Была Марта прекрасной, желанной и загадочной террой инкогнитой, так же как и планета под ними (у белой звезды ЕН514, система Мирины, земного типа, гравитация 1.2, состав атмосферы сопоставимый, в сутках двадцать часов, океан слабосоленый, кислотность 7.5).
Глеб, не унималась Марта. Гле-буш-ка. Ты мне обещал романтику на пляже. Пусть же она поскорее настанет! Хватит разведки с воздуха. Хочу из воды!
Глеб немного побурчал про кодекс облета новых планет, про протоколы ГСП, но ему и самому уже поднадоело скользить над одинаковыми лесами на одинаковых островах, похожими с высоты на зеленые мохнатые вязаные шапочки, разбросанные по гигантской голубой луже.
Ладно, садимся, прищурился он и был за это чмокнут в щеку.
Пахло прогретым камнем, речной водой, как на Волге, сладкими цветами и, почему-то, креозотом. Над островом возвышалась коническая скала с крутыми склонами, около километра высотой. Пляж был скальный гладкий камень плитами наискосок уходил в воду, солнце просвечивало голубизну, где колыхались разноцветные леса водорослей желтые, красные, зеленые.
Красиво, сказала Марта. Но как-то ярко очень, чуть-чуть слишком. Будто бы ребенок эту планету раскрашивал и с оттенками не возился. Ой, посмотри-ка!
Из глубины поднялась стайка рыбок, тоже очень ярких, золотисто-фиолетовых.
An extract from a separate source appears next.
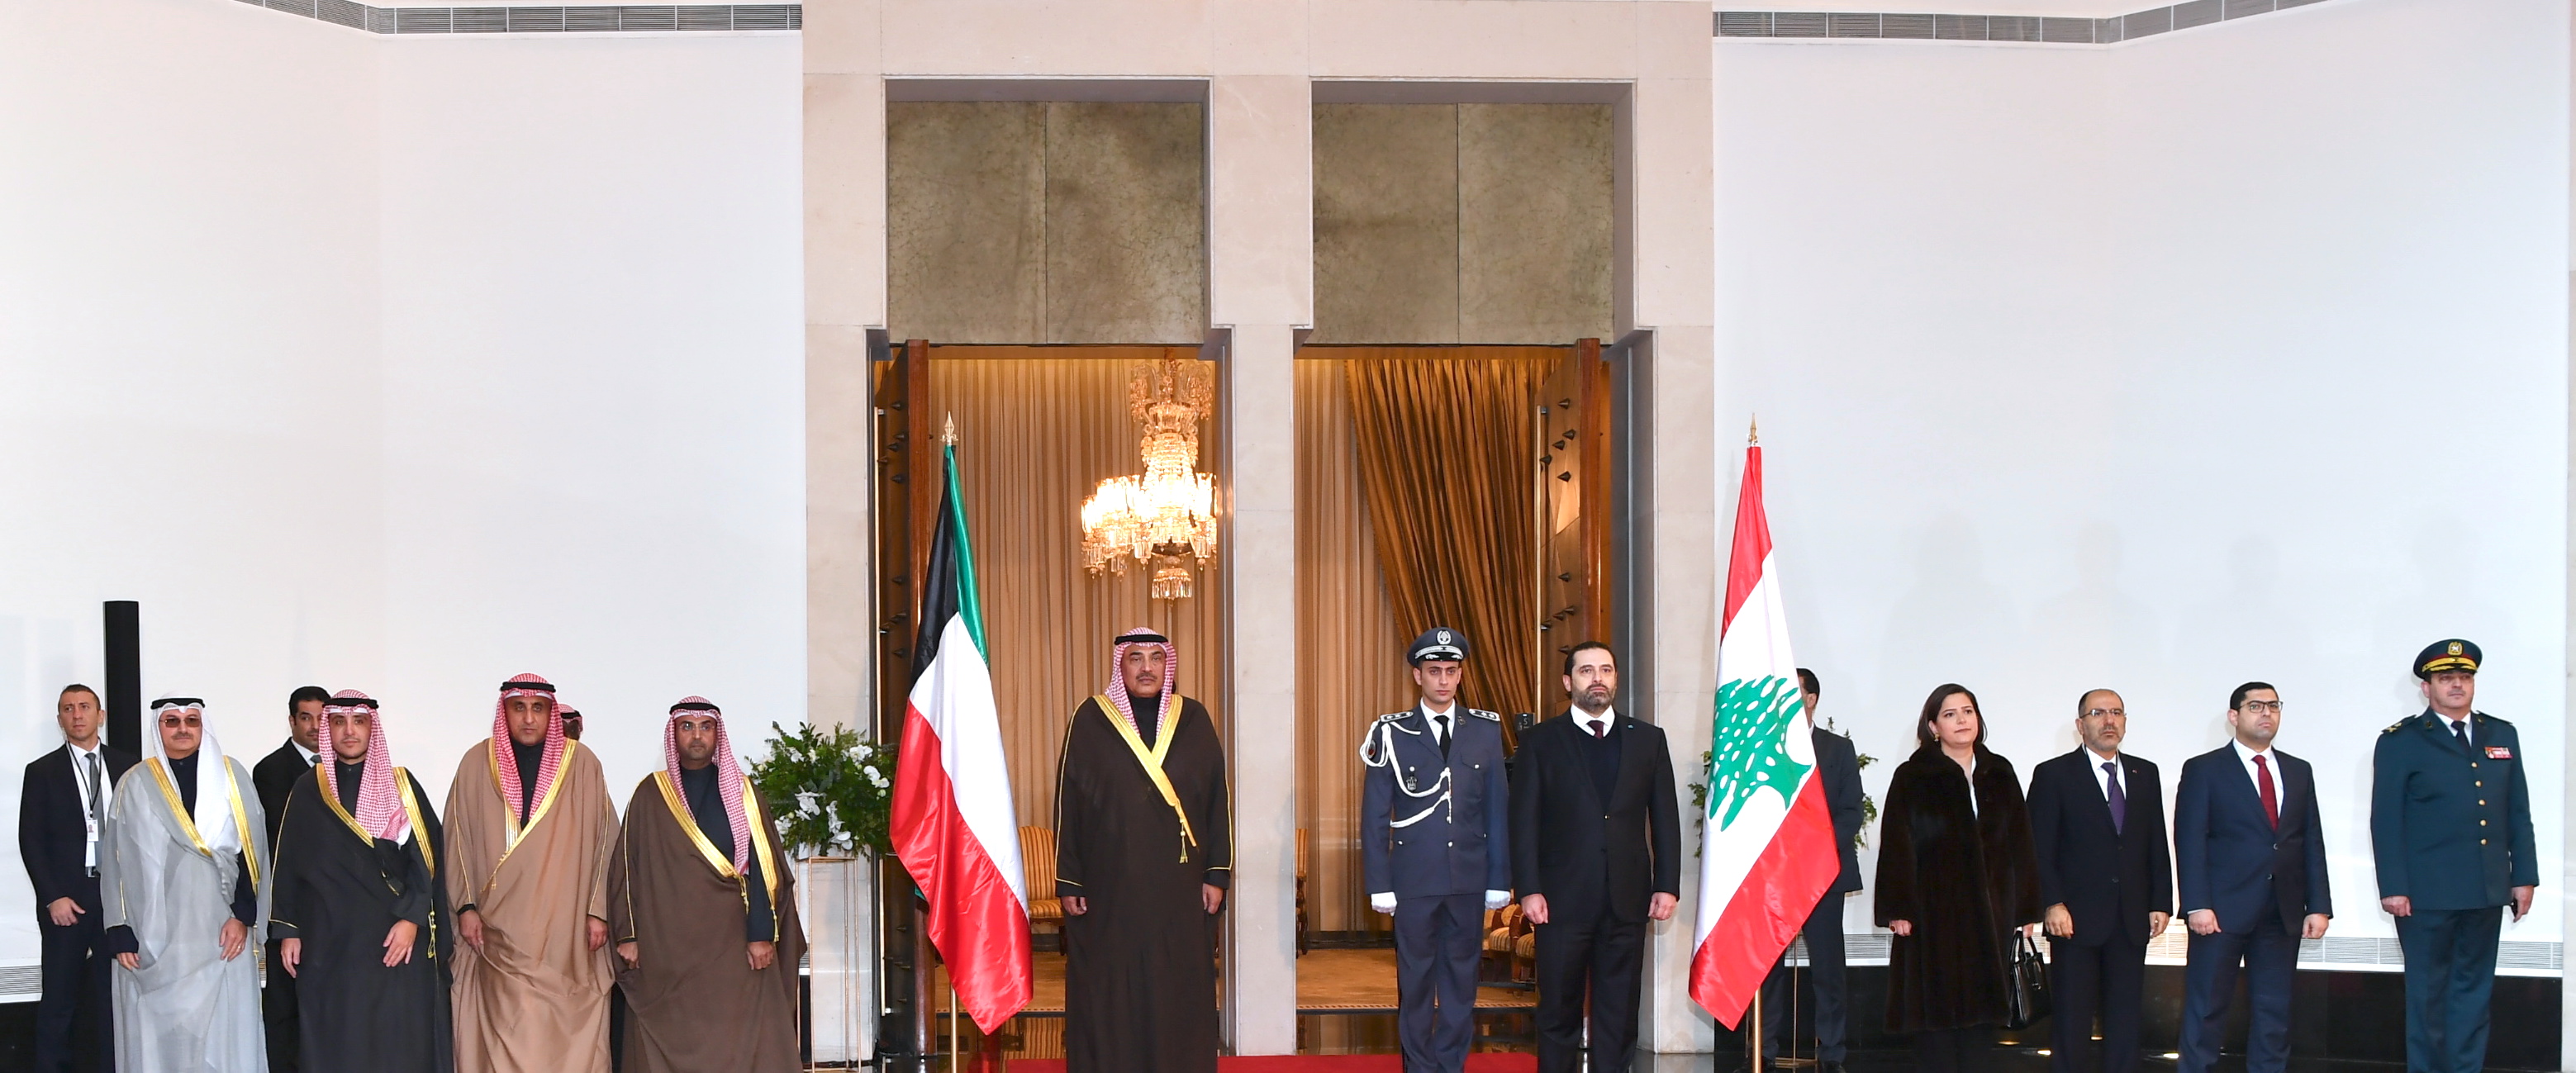 Representing His Highness the Amir, Deputy Prime Minister and Foreign Minister Sheikh Sabah Al-Khaled Al-Hamad Al-Sabah arrives in Beirut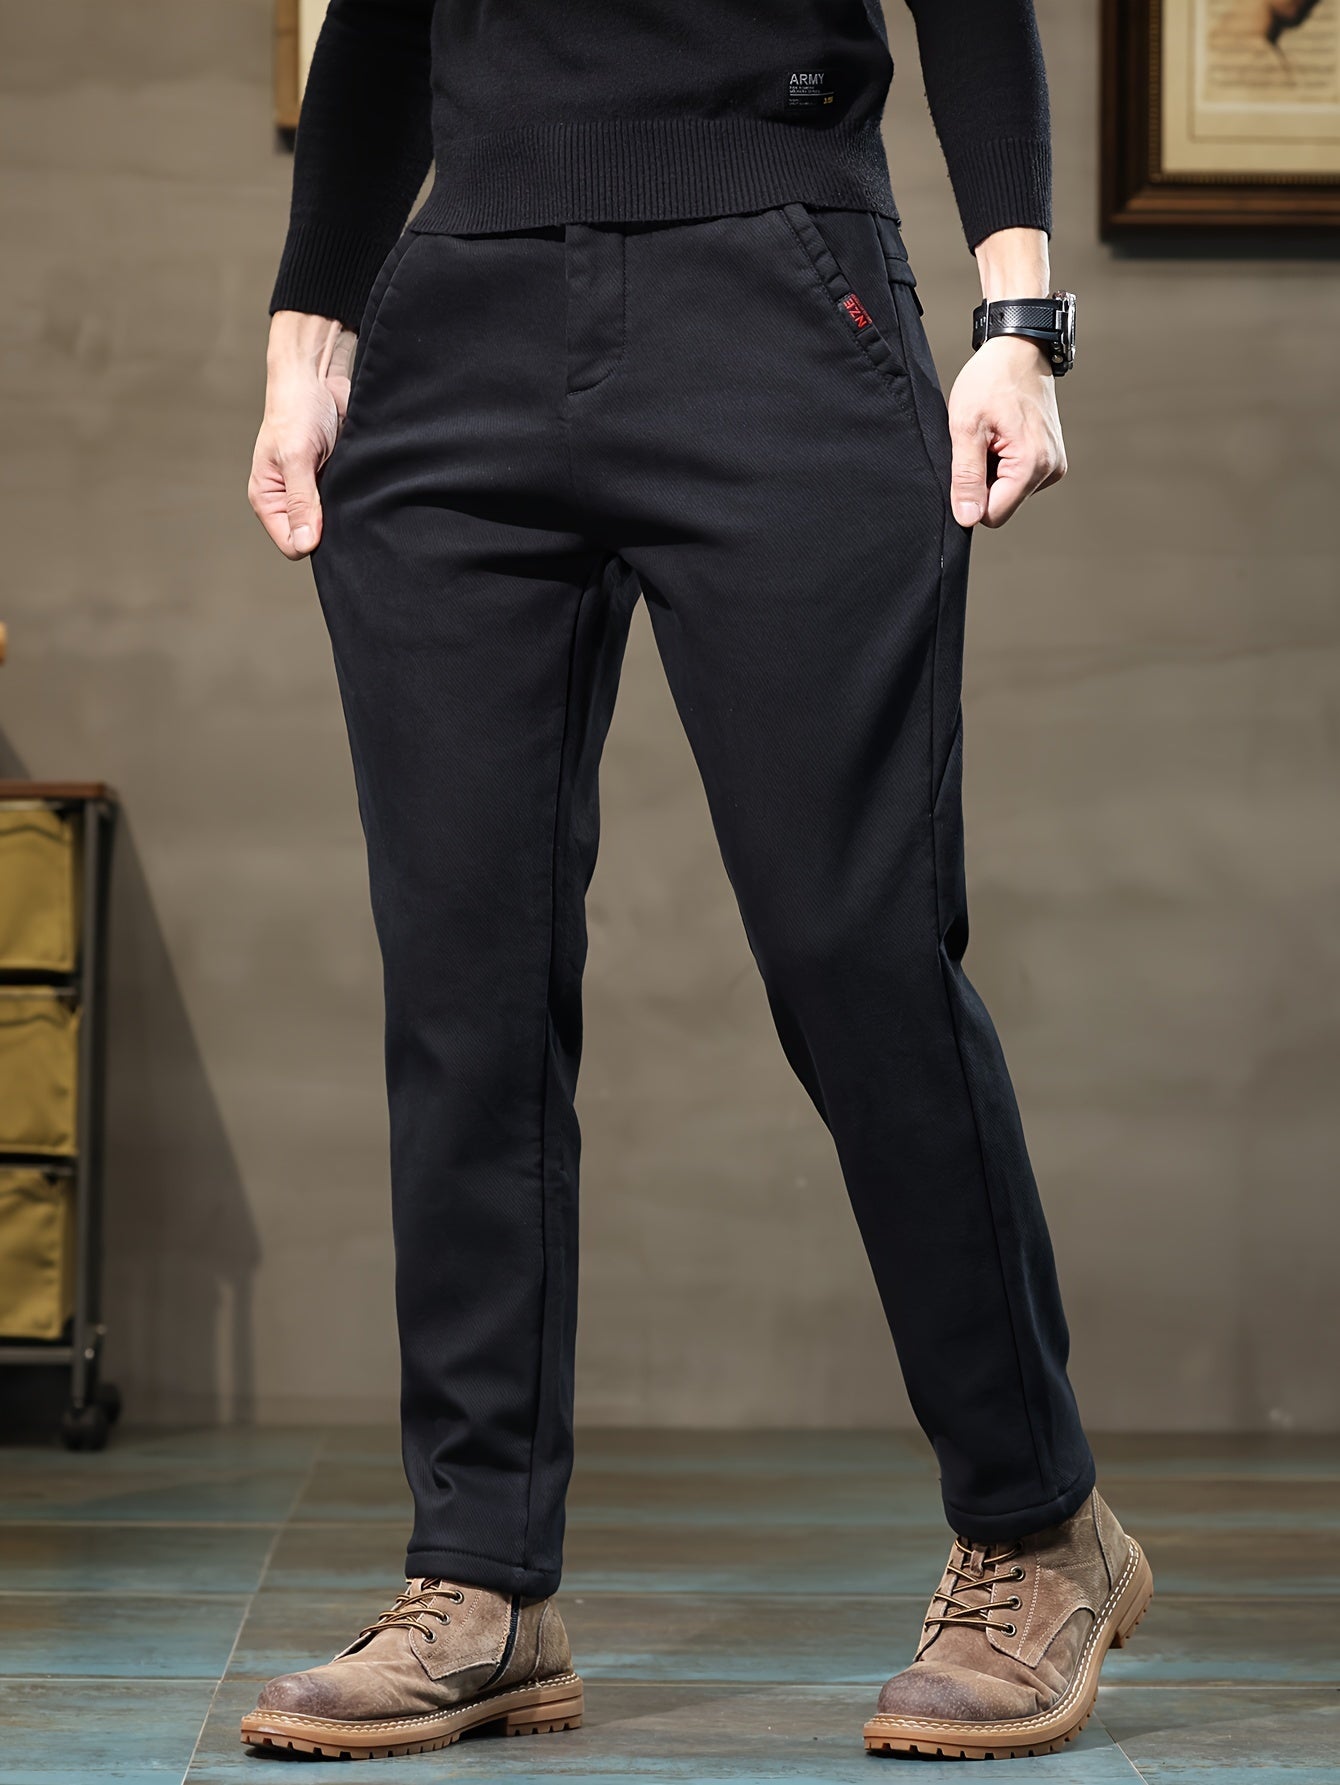 Men's Semi-formal Skinny Pants For Fall Winter Business

Марта опустила руку в воду, и они бесстрашно тыкались в ее ладонь, плавали вокруг, любопытствовали.
Не боятся! восхитилась Марта. Интересно, а может ли быть сбалансированная экосистема, в которой животные не пожирают друг друга? Совсем? Мир без страха? Планета, где условный лев возлежит с условным ягненком, всегда, от начала времен?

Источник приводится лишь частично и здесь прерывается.